Iran accused three detained Americans of spying on Monday, signaling Tehran intends to put them on trial. It drew a sharp US response that the charges are baseless because the hikers strayed across the border from Iraq.
The announcement comes as Washington and Tehran are deadlocked in negotiations over Iran’s nuclear program, raising concern that the three could be used as bargaining chips in the talks or to seek the return of Iranians they say are missing.
Relatives and the US government say the three were innocent tourists on an adventure hike in northern Iraq and accidentally crossed into Iran where they were arrested on July 31.
Iranian President Mahmoud Ahmadinejad accused the US of jailing innocent Iranians and pointed to two of his countrymen — a nuclear scientist and a top defense official — who disappeared in recent years. Tehran accuses the US of kidnapping them. The US has refused comment on the two, and there has been speculation they defected to the West.
Ahmadinejad, asked about the spying accusations against the Americans, told reporters in Istanbul, Turkey, said he had no opinion about the case.
“It must be judged by the judiciary, whether they are spies or not,” he said. “There are some Iranians who have spent many years in prison without doing anything wrong, in American prisons.”
He said the Americans had crossed the border illegally and Iran has a right to punish them.
“In all countries, crossing borders would have a very heavy sentence, according to the law,” Ahmadinejad said.
“Hopefully, they will have an appropriate answer in the court, and hopefully they will convince the judge that they did not have any intention of crossing the border illegally,” he said.
The Americans — Shane Bauer, 27, Sarah Shourd, 31, and Josh Fattal, 27 — have been held in Iran’s Evin prison, where Swiss diplomats have visited them twice and said they are healthy.
The three had been trekking in Iraq’s northern Kurdistan region, their relatives say.
The case recalled that of an American-Iranian journalist, Roxanna Saberi, who was arrested in Iran in January and convicted of espionage.
After heavy pressure from the US, she was freed on appeal in May and returned home — and several months later, the US military released five Iranians it had held for more than two years.
The accusations against the three Americans could be a first step in a similar move by Iran to put them on trial and convict them, then arrange their release, aiming to get concessions.

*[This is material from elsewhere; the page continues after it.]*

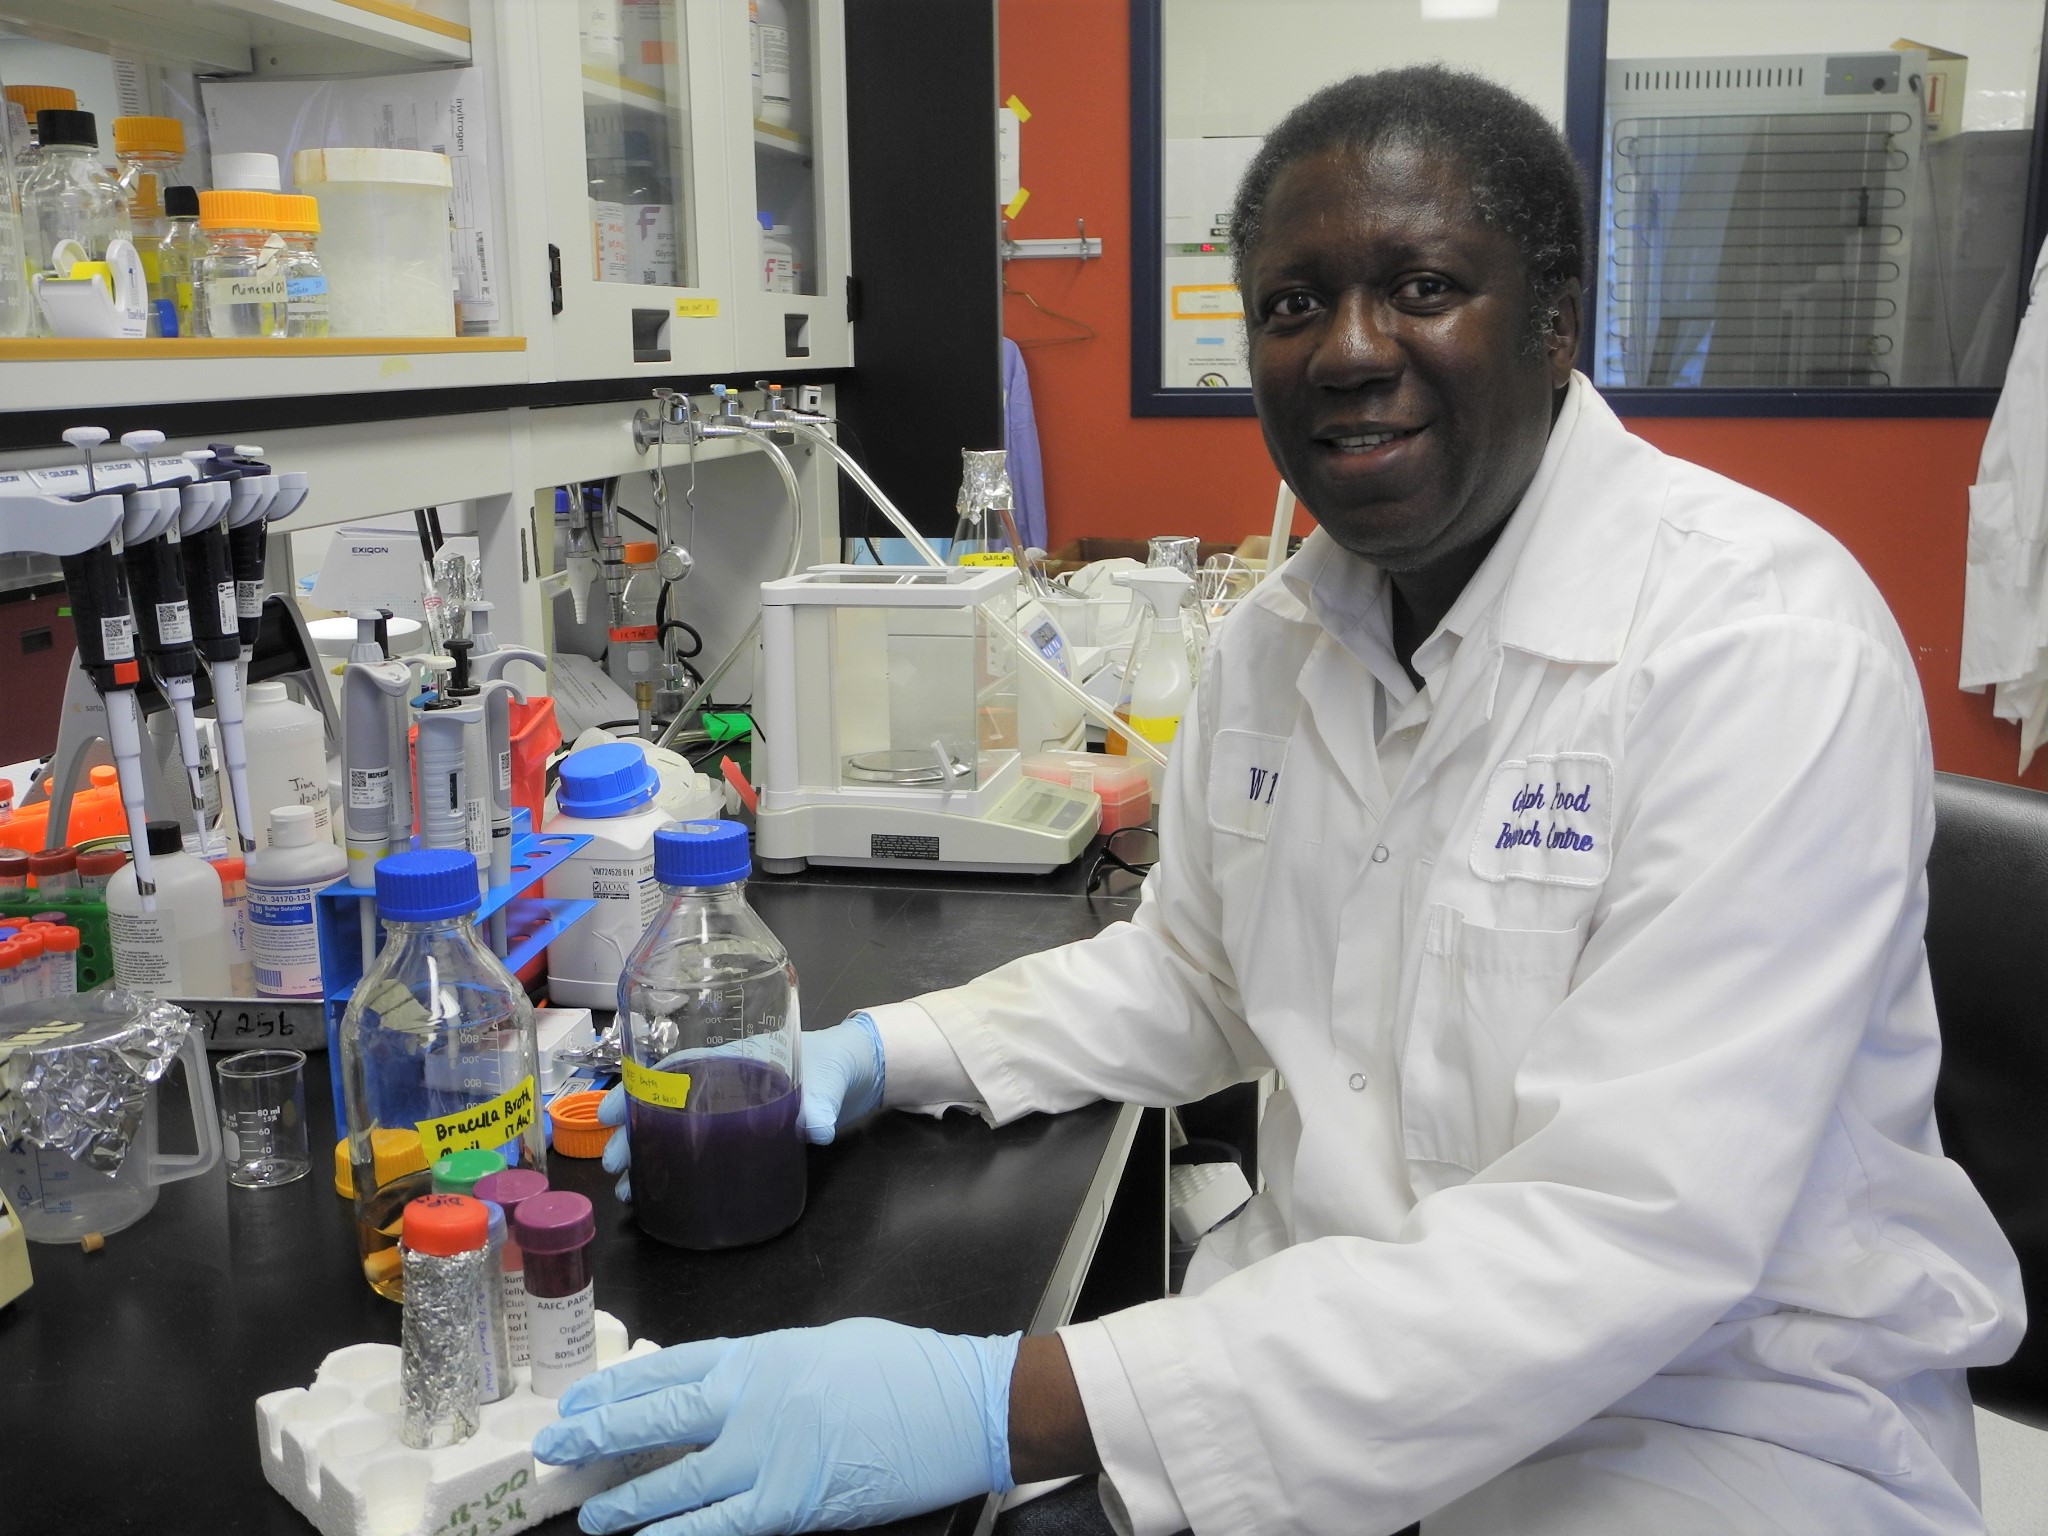 Dr. Moussa Diarra in the Guelph AAFC laboratory

Monday’s announcement by Tehran’s top prosecutor was the first official word from Iran of espionage allegations against the three.

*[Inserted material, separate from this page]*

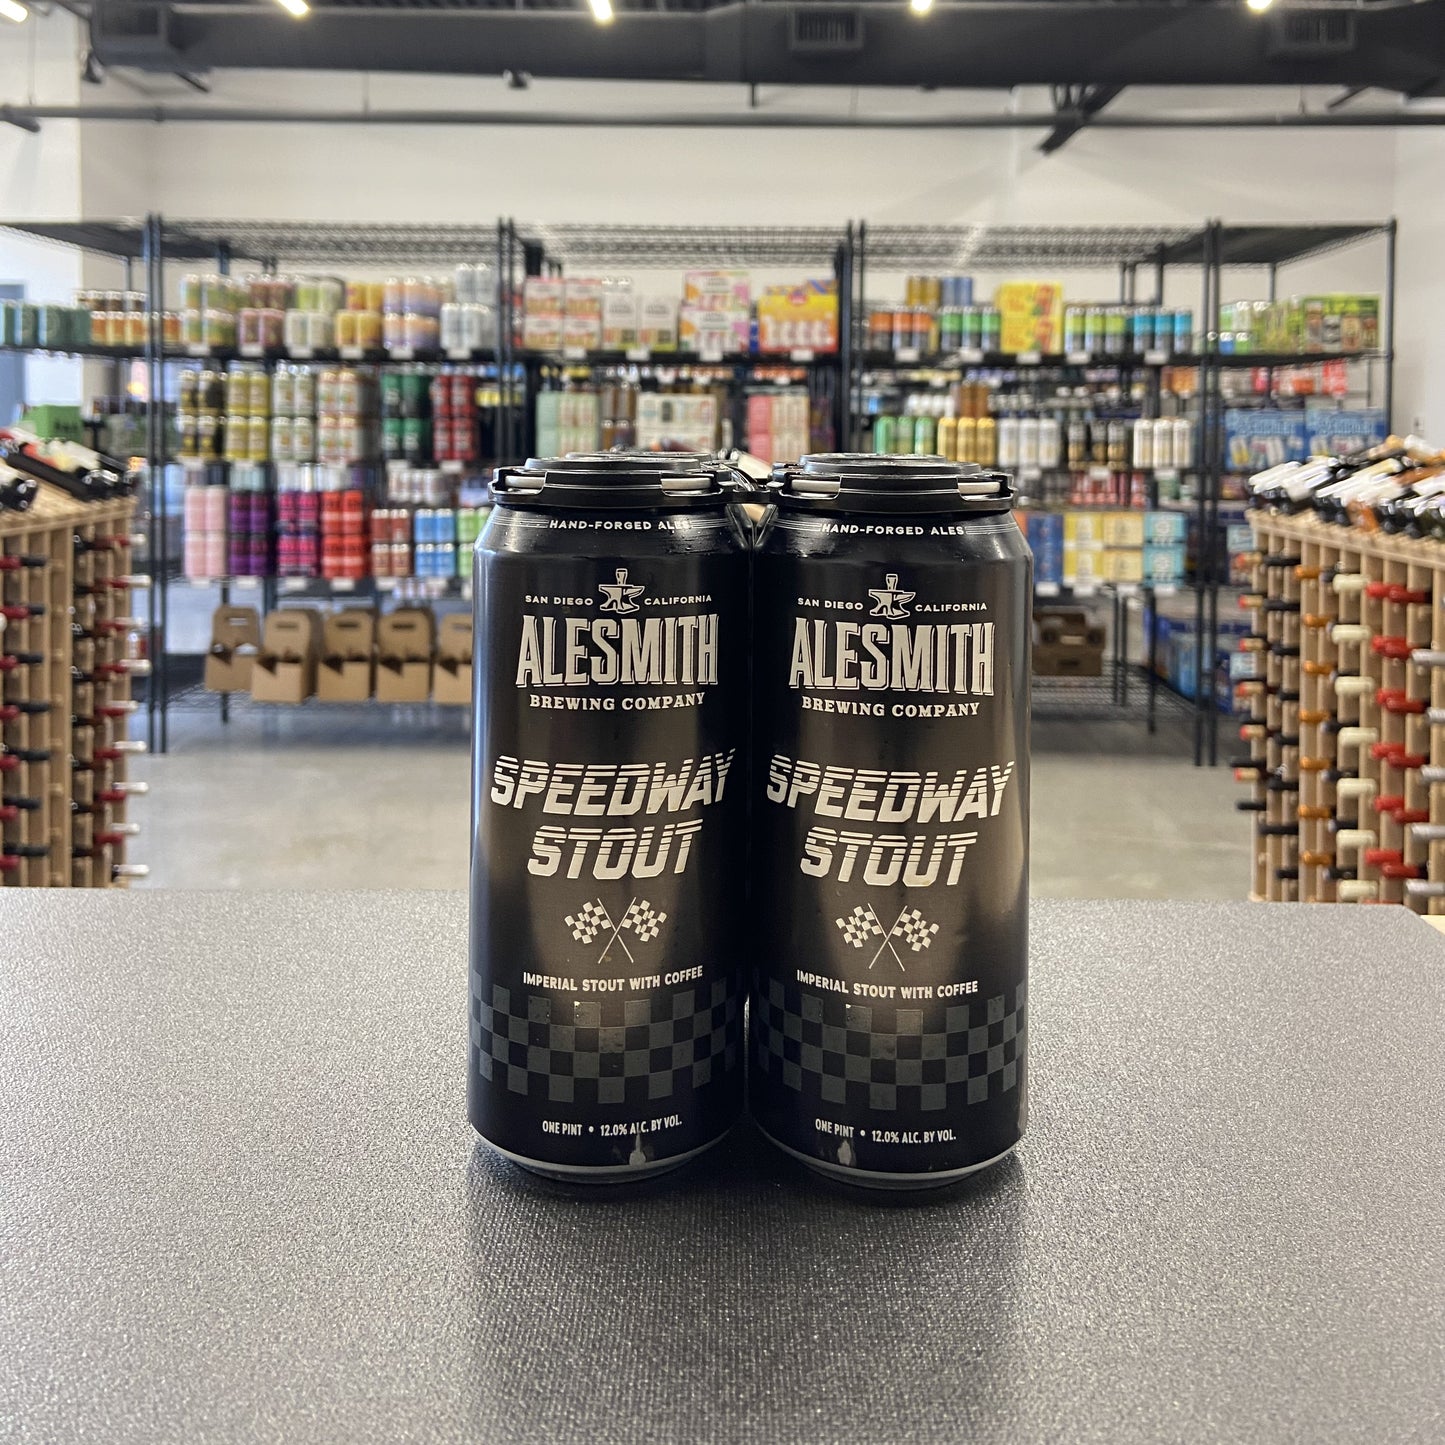 Alesmith Brewing Co. Speedway Stout

Until now, Iranian officials have only spoken about the Americans in broad terms, saying even after months of questioning that they were still trying to determine why they had entered Iran.
Hoping to prove that they were simply vacationing, the families released videos taken by a friend just two days before their detention, showing the three backpackers dancing and joking in an unfinished cinder block building they came across in Kurdistan’s mountains.
Bauer and Shourd had been living in Damascus — he studying Arabic, she teaching English — and both had done freelance journalism or writing online. Friends described them as passionate adventurers interested in the Middle East and human rights.
Fattal, who spent three years with a group dedicated to sustainable farming near Cottage Grove, Oregon, had been overseas since January as a teaching assistant with the International Honors Program.
The hikers’ families declined interview requests, but issued a statement saying “the allegations that our loved ones may have been engaged in espionage is untrue.”
Tehran chief prosecutor Abbas Jafari Dowlatabadi said the three “have been accused of espionage” and that investigations were continuing, according to the state news agency IRNA.
It was not clear from his comments whether formal charges had been filed against the Americans, since the word in Farsi he used could mean either “accused” or “charged.”
But it was a signal that Iranian authorities intend to prosecute them — and on far stiffer charges than simply accidentally crossing the border.